(INFORMATION GIVEN)
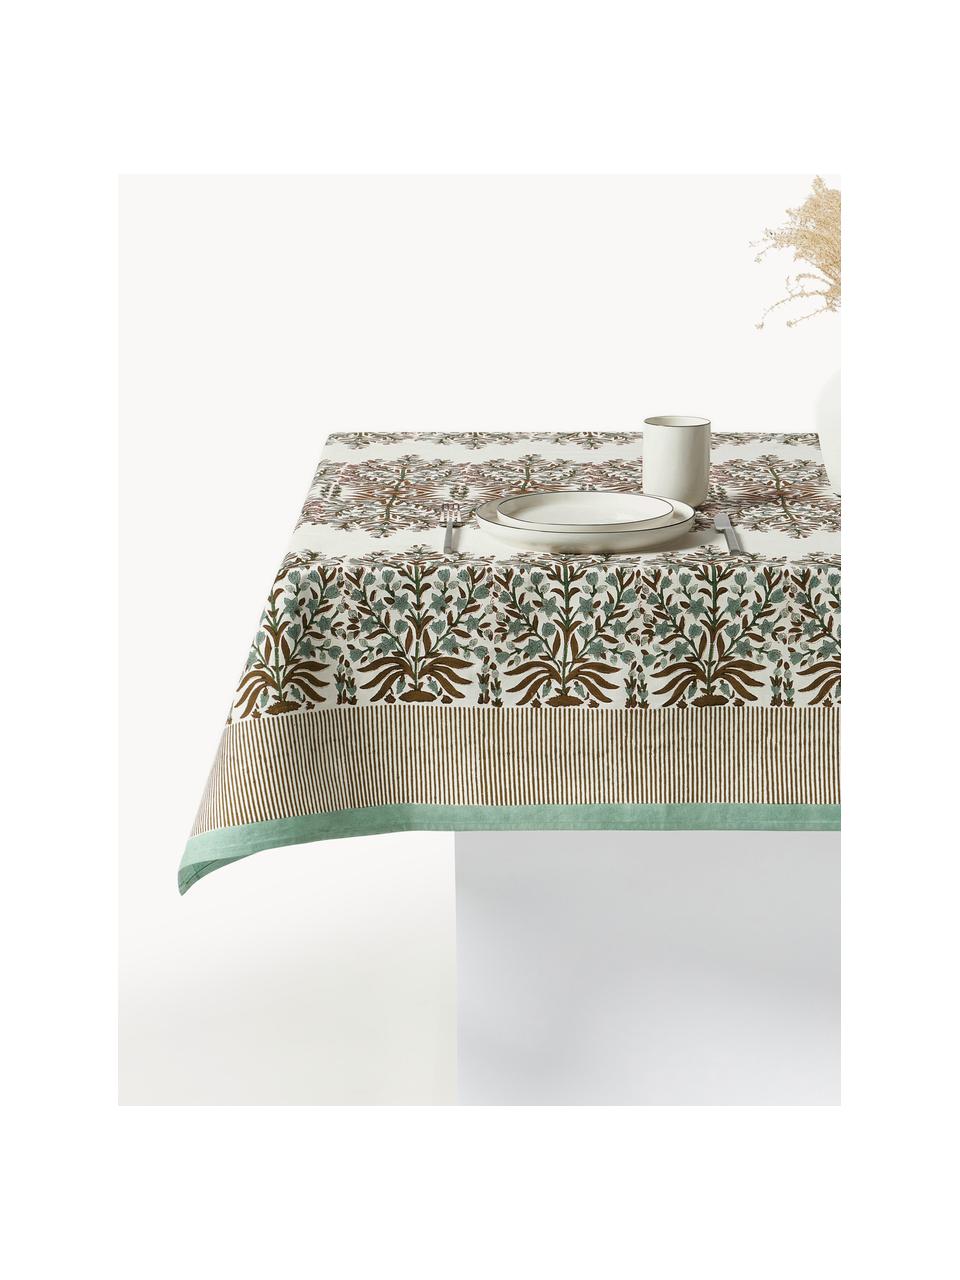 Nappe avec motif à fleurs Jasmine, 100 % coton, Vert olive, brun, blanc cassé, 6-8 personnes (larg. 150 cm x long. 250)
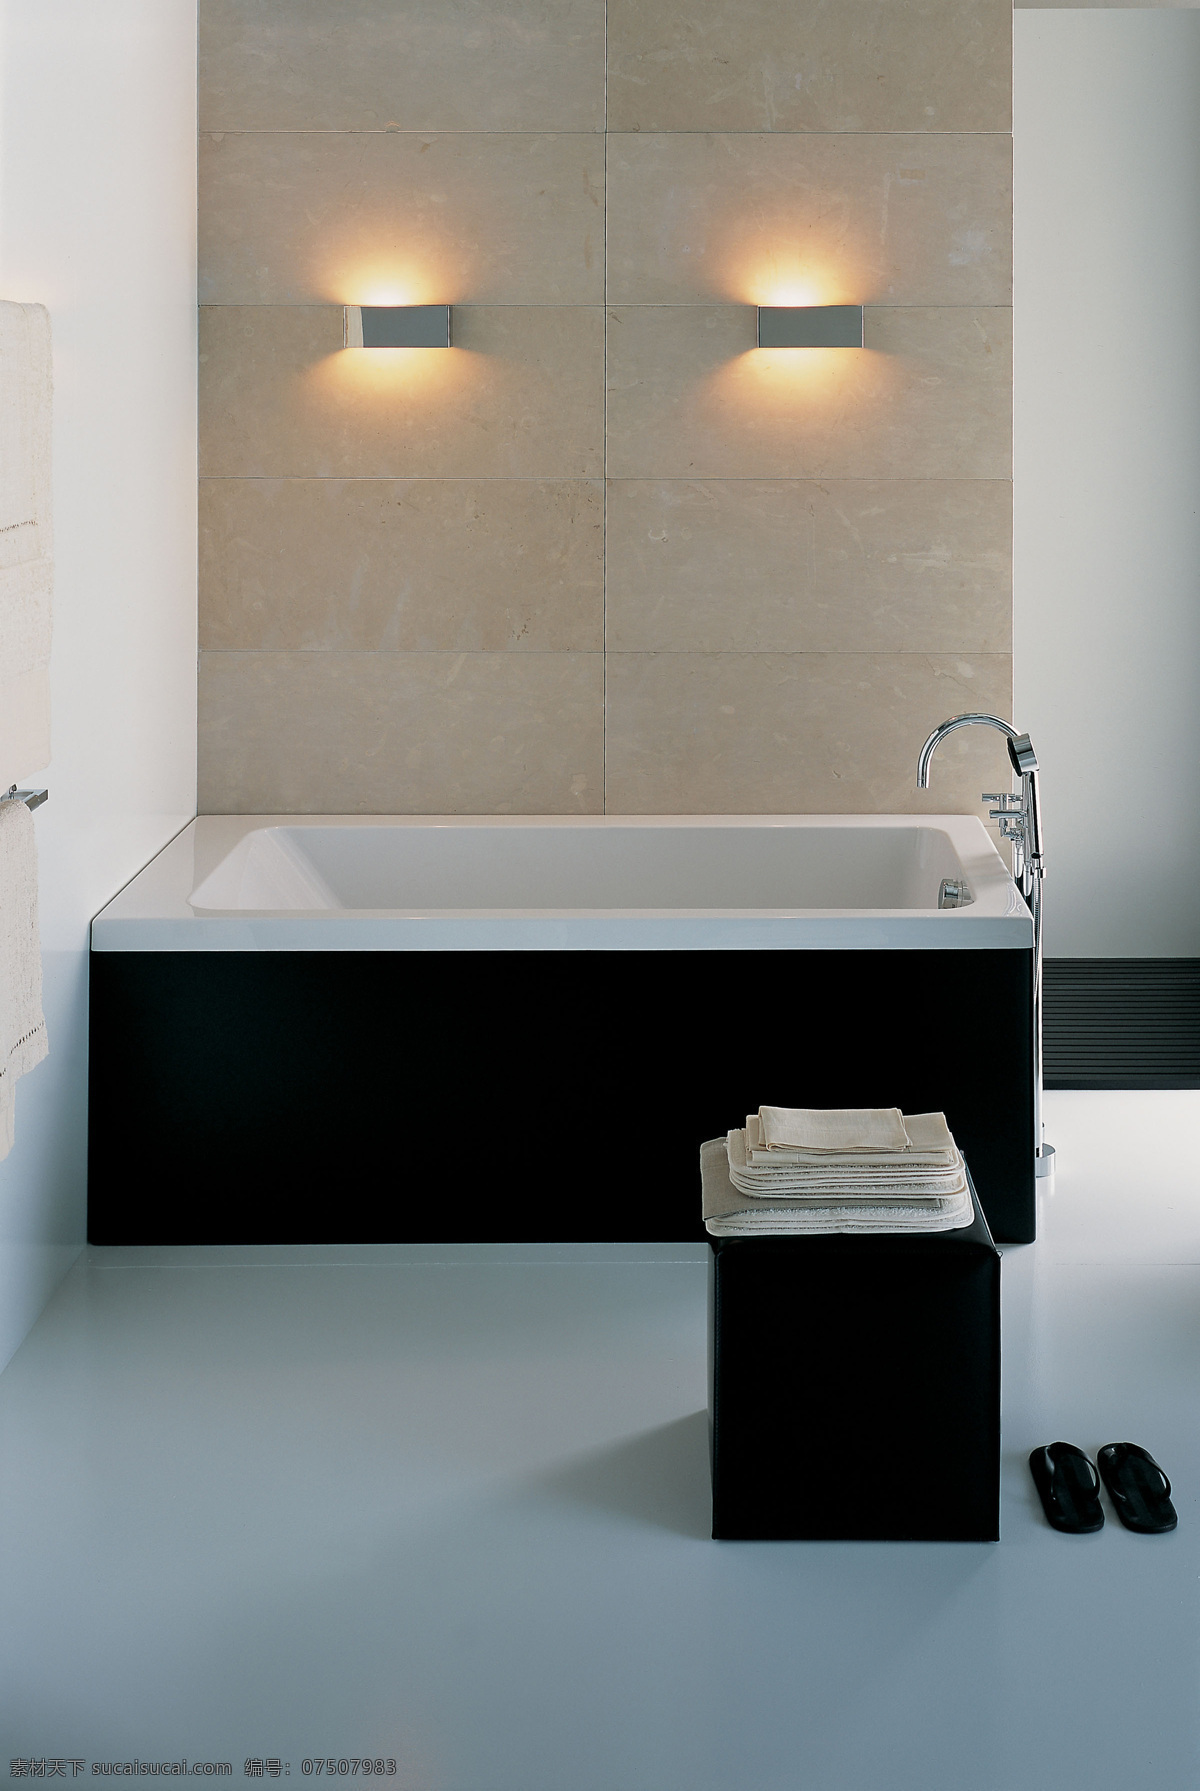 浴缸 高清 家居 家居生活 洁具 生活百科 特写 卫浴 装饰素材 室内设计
(End INFORMATION GIVEN)
(INFORMATION GIVEN)
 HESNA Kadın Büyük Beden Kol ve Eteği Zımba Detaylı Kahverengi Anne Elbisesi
(End INFORMATION GIVEN)
From the data above, retype only the lines starting with the line with "Nappe avec motif" and going on through the line with "浴缸 高清 家居 家居生活 洁具 生活百科 特写 卫浴 装饰素材 室内设计", exactly, leaving out the pictures.

 Nappe avec motif à fleurs Jasmine, 100 % coton, Vert olive, brun, blanc cassé, 6-8 personnes (larg. 150 cm x long. 250)
 浴缸 高清 家居 家居生活 洁具 生活百科 特写 卫浴 装饰素材 室内设计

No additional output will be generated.